In cookdom, though, the masculine rules are in place. The top chefs of Chennai for large community events like weddings are always men. A wedding cook from Palakkadu was good (“Hopefully the boy’s people will be pleased as they are from south, no?); a cook from that snooty Thanjavur belt who knew the sambar from their former Maratha rulers was a surefire showpiece in the wedding log. Even today, from ‘Arusuvai’ Nataraja Iyer to the newly opened Pattappa’s Thaligai in Luz, the celebrity chef is always male in Madras. Whoever got a maami (brahmin woman) to lead the kitchen at a wedding has not been spotted yet by Chennai’s newshounds.

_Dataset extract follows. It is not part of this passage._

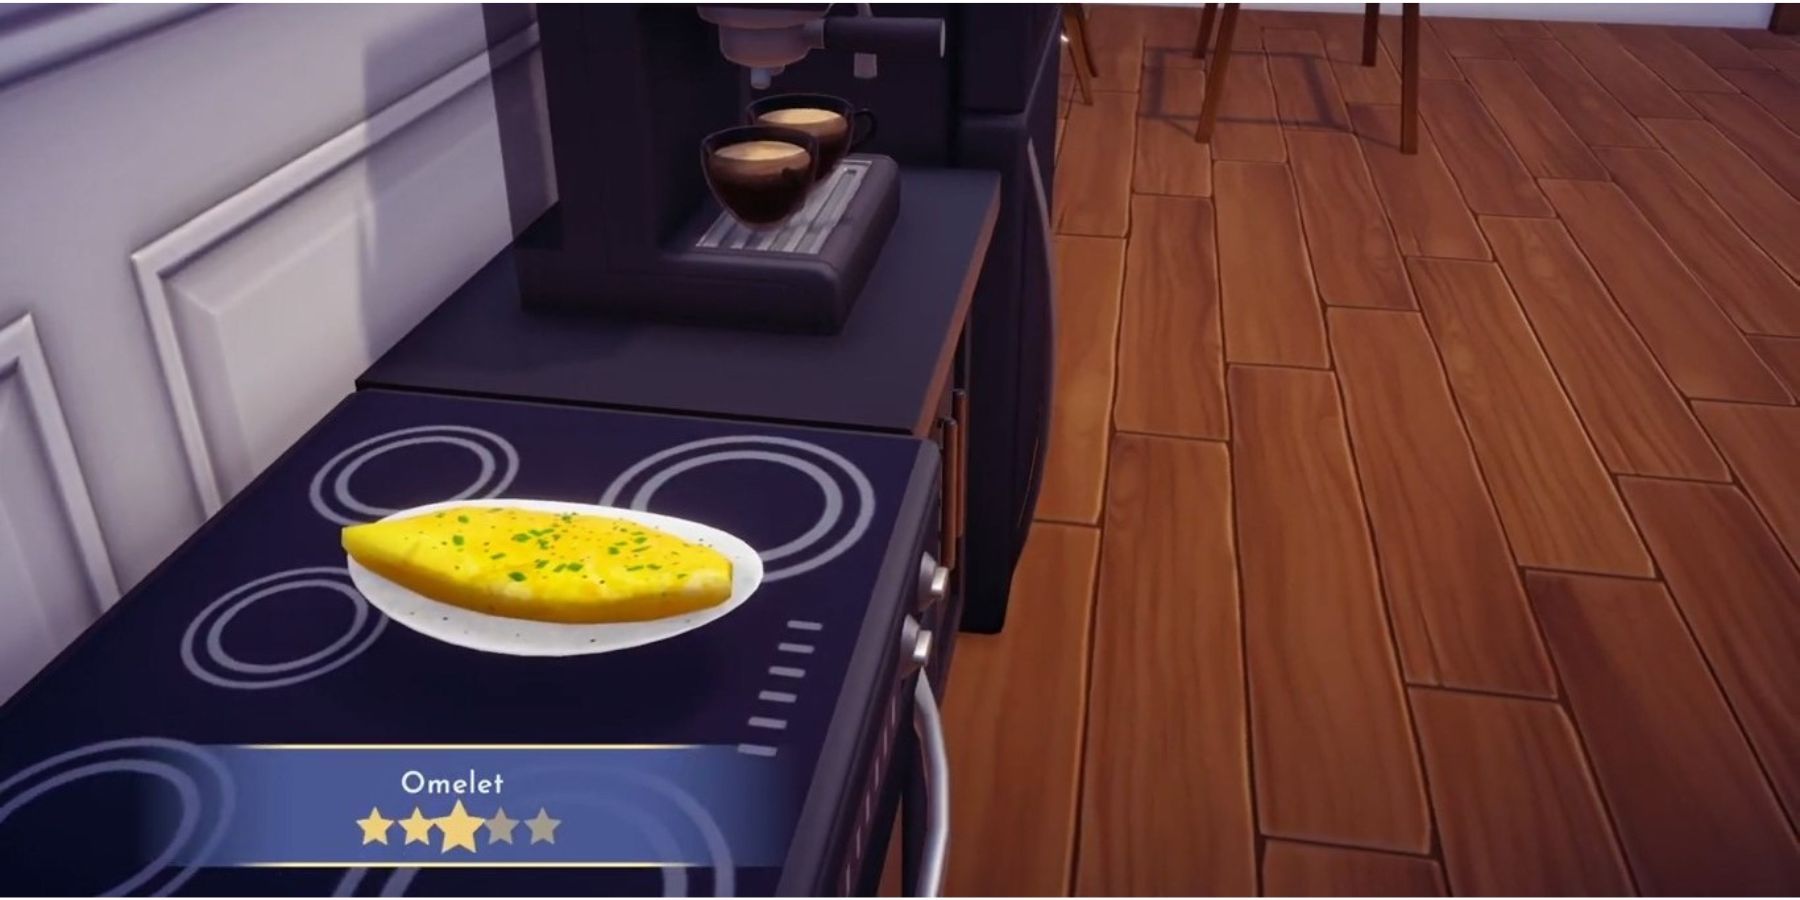 omelet recipe dreamlight valley

Tamil women have had their places marked in the domestic ambit, their fame relegated to writing cookbooks. Check out the big names: Samaithu Paar by Meenakshi Ammal, released in the 1950s, has a cult following. Chandra Padmanabhan, author of Dakshin: Vegetarian Cuisine From South India , in the 1990s. Chettinad cuisine cookbooks by Meiyammai Murugappan and Vishalakshi Ramaswamy or Alamelu Vairavan, among others. Sabita Radhakrishna continues to write interesting cookbooks on heritage cuisines of various communities of Tamil Nadu (her latest, Annapurni: Heritage Cuisine from Tamil Nadu ).

Hassan may have played sexy in a song, spicing up the image of the male Tamil cook on screen in MMKR , but the matrons of Madras have exhibited prim sobriety and concentrated on food alone in their cookbooks.

The most popular were grannies like Meenakshi Ammal, and their approach to food remains like that of the Tamil movie amma : wholesome and healthy, never wanton or sensual.

But Hassan has finally found a match off screen in gastro-porn queen and Top Chef hostess, Padma Lakshmi, Madras’s export to Manhattan. And the long line of mother figure cookbook writers has now been broken by Lakshmi, who gives the idea of a nice Iyer girl serving food-porn a whole new twist.